The COVID-19 epidemic is just one more thing pregnant women have to worry about on top of everything else. Many expectant mothers worry about the effects of contracting COVID during their pregnancies, namely whether or not it may raise the risk of miscarriage. But does Covid-19 really pose a threat of inducing a miscarriage?
This question is understandable considering the increased risk of miscarriage, pregnancy problems, premature birth, and neonatal loss associated with COVID, as well as other catastrophic outcomes in pregnant persons, according to a preliminary study. However, there are measures that may be taken to reduce the risk, such as getting vaccinated against COVID, which has been demonstrated to reduce the severity of bad birth outcomes.
We consulted authorities to learn more about the developing data linking COVID-19 and miscarriage and to get advice on how to keep ourselves and our unborn children safe.
First Trimester COVID-19
The connection between COVID and miscarriage has been reported in certain worrying news stories. An increased risk of miscarriage in the first trimester of pregnancy was discovered in people who contracted COVID, according to a study published in Human Reproduction in 2022. According to the study’s findings, pregnant women who tested positive for COVID had nearly a 1.7-fold increased risk of miscarriage compared to those who did not.
But there are a few things to consider before you freak out. Remember that there is a huge gap between what we know now and what we need to know about COVID and pregnancy. The entire effects of COVID-19 on pregnancy are currently unknown. Although some studies are small or continuing, we know that pregnant women, especially those with preexisting health issues, have a far higher risk of serious sickness from COVID-19 than nonpregnant people.
Whether or whether you have COVID-19, miscarriages in the first trimester are a sad reality for many expecting mothers. Therefore, it may be challenging to determine whether or not COVID was the actual cause of your miscarriage in the first trimester.
He estimates that chromosomal abnormalities cause almost half of all miscarriages. The other cases are most likely caused by gynecological problems (such as fibroids or polyps in the uterus) or other medical conditions like diabetes, hypertension, or autoimmunity.
During the first trimester of pregnancy, COVID-19 may play a role due to the inflammatory reaction that this virus can induce in some people, which in turn may have an effect on the placenta. The placental function can be negatively impacted by COVID because it can trigger a systemic inflammatory response. When the placenta becomes inflamed, it can’t deliver enough blood and oxygen to the developing embryo, which might result in miscarriage.
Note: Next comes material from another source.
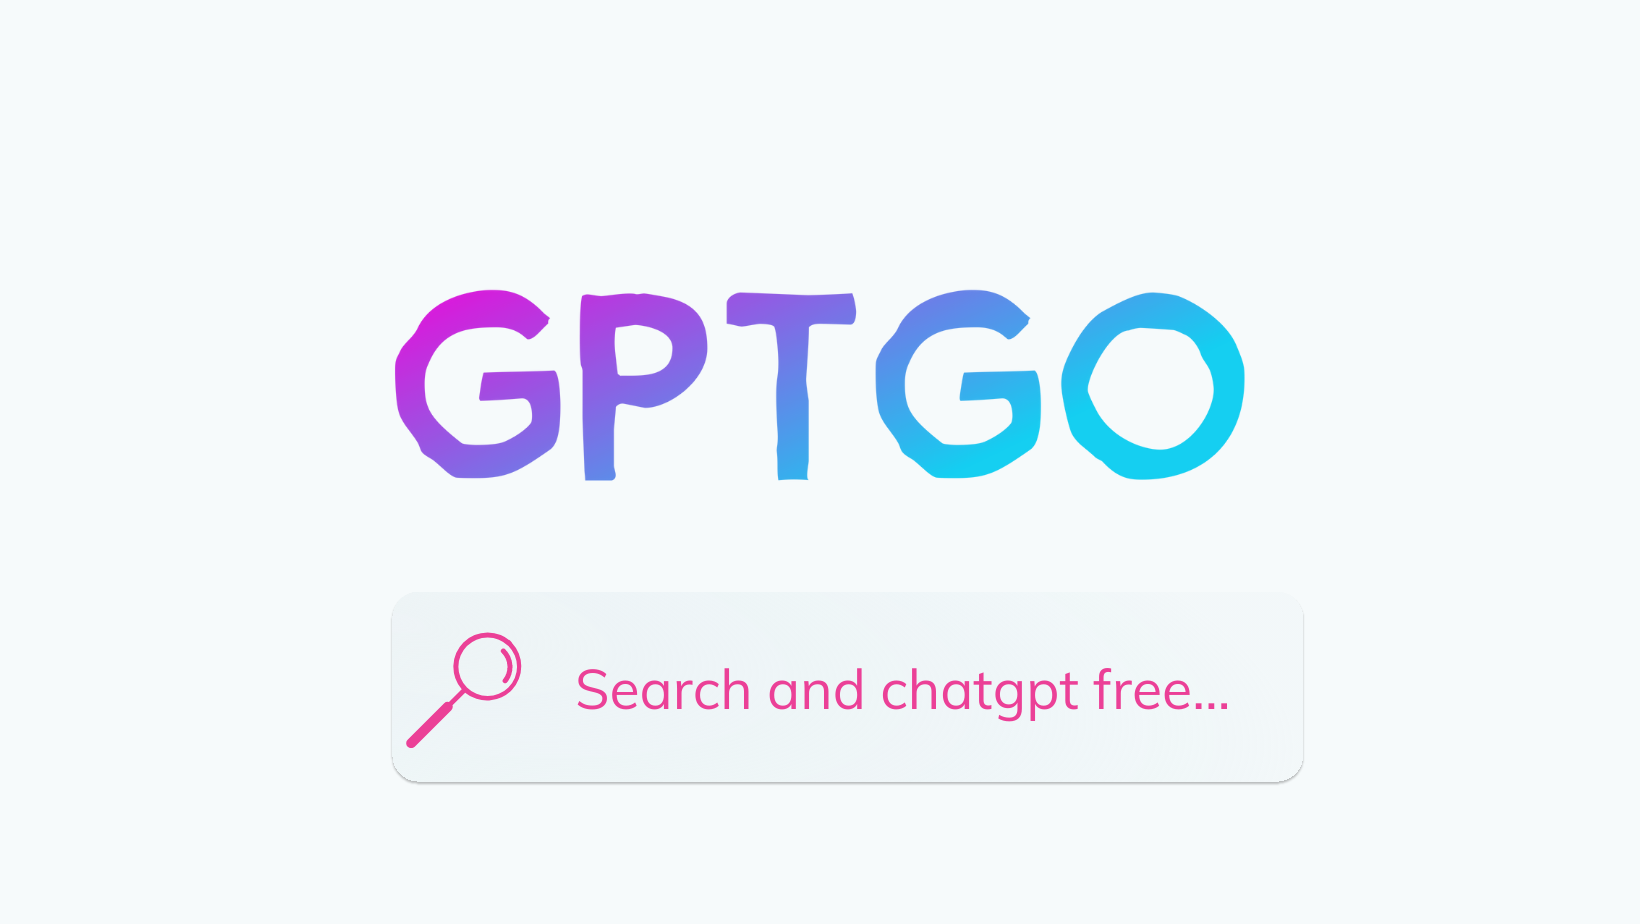 GPTGO - A free search engine integrated with google search results and chatgpt

COVID-19, Second and Third Quarter
A few questions have been raised about how COVID might manifest itself in the latter stages of pregnancy. While some of this information is upsetting, it’s vital to put things in perspective and remember that adverse effects like these are quite uncommon. Furthermore, our knowledge of how COVID impacts pregnancy is still developing, as it varies depending on the specific strain of the virus and whether or not you have been vaccinated.
The Centers for Disease Control and Prevention (CDC) notes that women infected with COVID in their later trimesters of pregnancy have experienced serious difficulties. For instance, in the case of COVID, a pregnant woman is more likely to give birth prematurely (before 37 weeks). Pregnant women with COVID have an increased risk of being hospitalized and requiring intensive care unit (ICU) care, which may include ventilation, which can be harmful to the developing baby.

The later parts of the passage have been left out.